Leukemia Diagnosis System

Leukemia Detection System.

Inspiration

This project was inspired by a desire to use technology to directly help people in medicine, especially in highly skilled and demanding fields like radiology and pathology. Diagnosing leukemia from blood smear images is time-intensive and requires significant expertise, and we wanted to explore how machine learning could act as a reliable decision-support tool to reduce cognitive load and improve consistency in early triage.

What I Learned

Through this project, I gained hands-on experience with machine learning and deep learning, particularly neural networks for image classification. I learned how model architecture, data preprocessing, and training strategies affect performance, as well as how to evaluate models using probabilistic outputs rather than just raw accuracy. I also learned how to deploy models in a way that makes them usable outside of a notebook environment.

How We Built It

We built an end-to-end ML pipeline that analyzes blood smear images to diagnose leukemia subtypes and forecast disease progression. The system uses a convolutional neural network trained on labeled microscopy images, with preprocessing steps to standardize image size and normalize inputs. After training, the model outputs class probabilities and confidence scores, which are exposed through a backend API so the system can be used as a practical diagnostic aid rather than just a research prototype.

Challenges We Faced

One major challenge was finding high-quality, well-labeled medical image datasets.

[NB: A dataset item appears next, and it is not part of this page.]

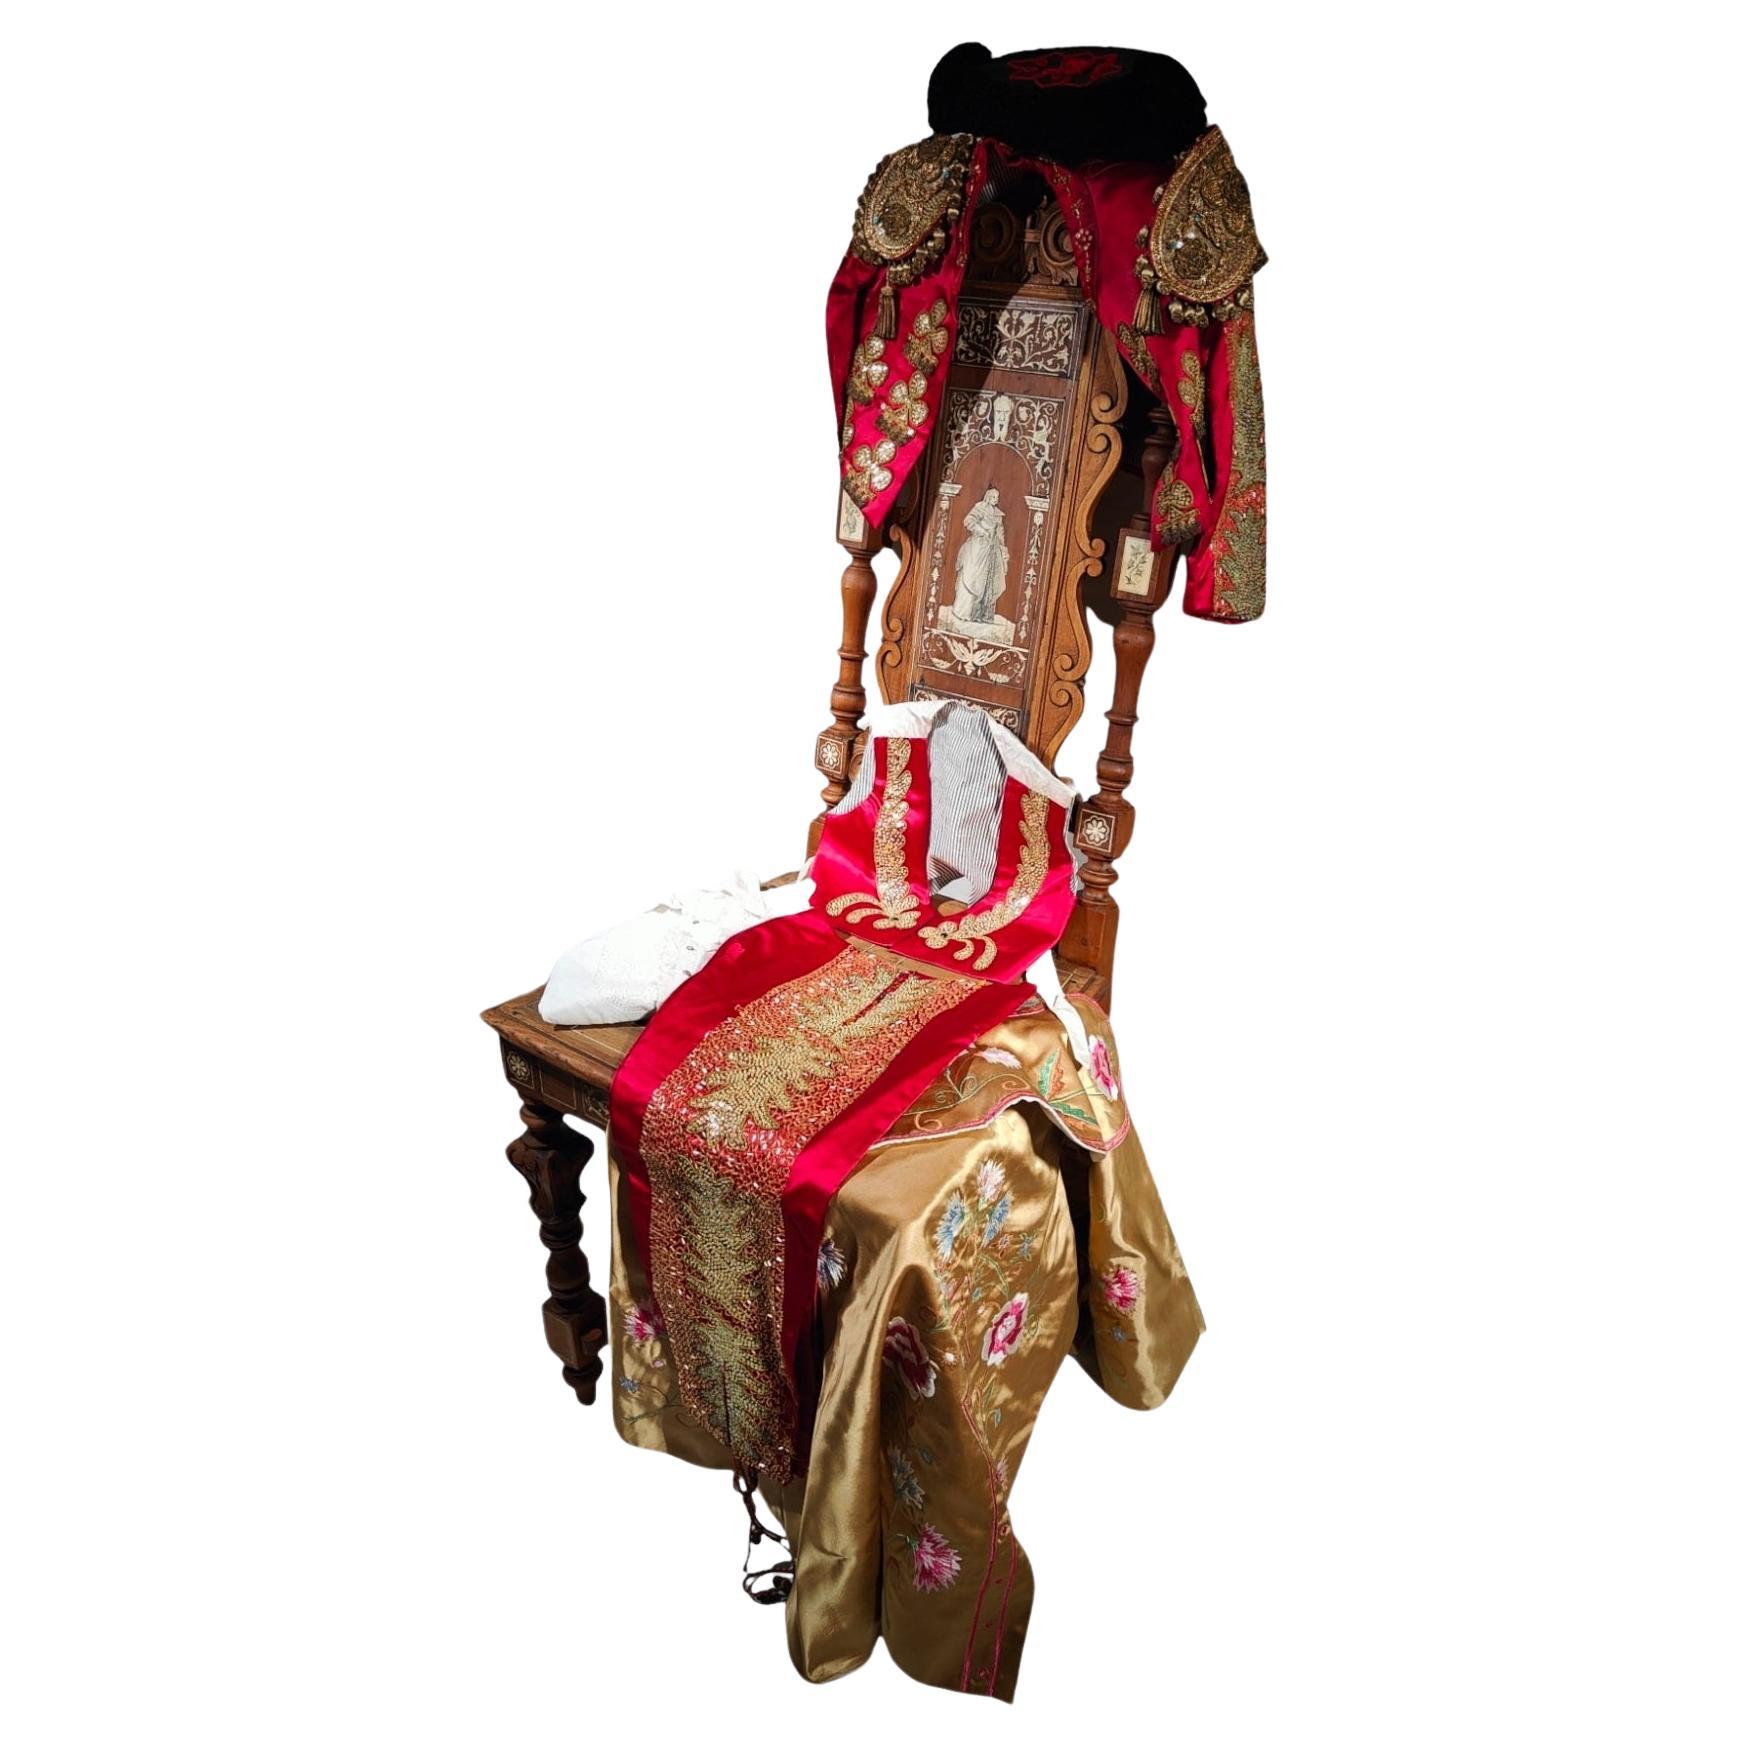 Bullfighter Costume for Children from the 20th Century - A Gem of Children's Bul For Sale

Early data sources were limited and inconsistent, but we eventually identified reliable datasets on Kaggle that met our needs. Training time was another issue due to the computational cost of deep learning models; we solved this by using virtual GPUs to significantly speed up experimentation and iteration.
We also faced challenges related to team collaboration, including coordinating responsibilities, resolving differing technical opinions, and managing timelines. Additional challenges included avoiding overfitting on limited medical data, tuning hyperparameters efficiently, and ensuring the model’s outputs were interpretable enough to be useful in a clinical context rather than a black box.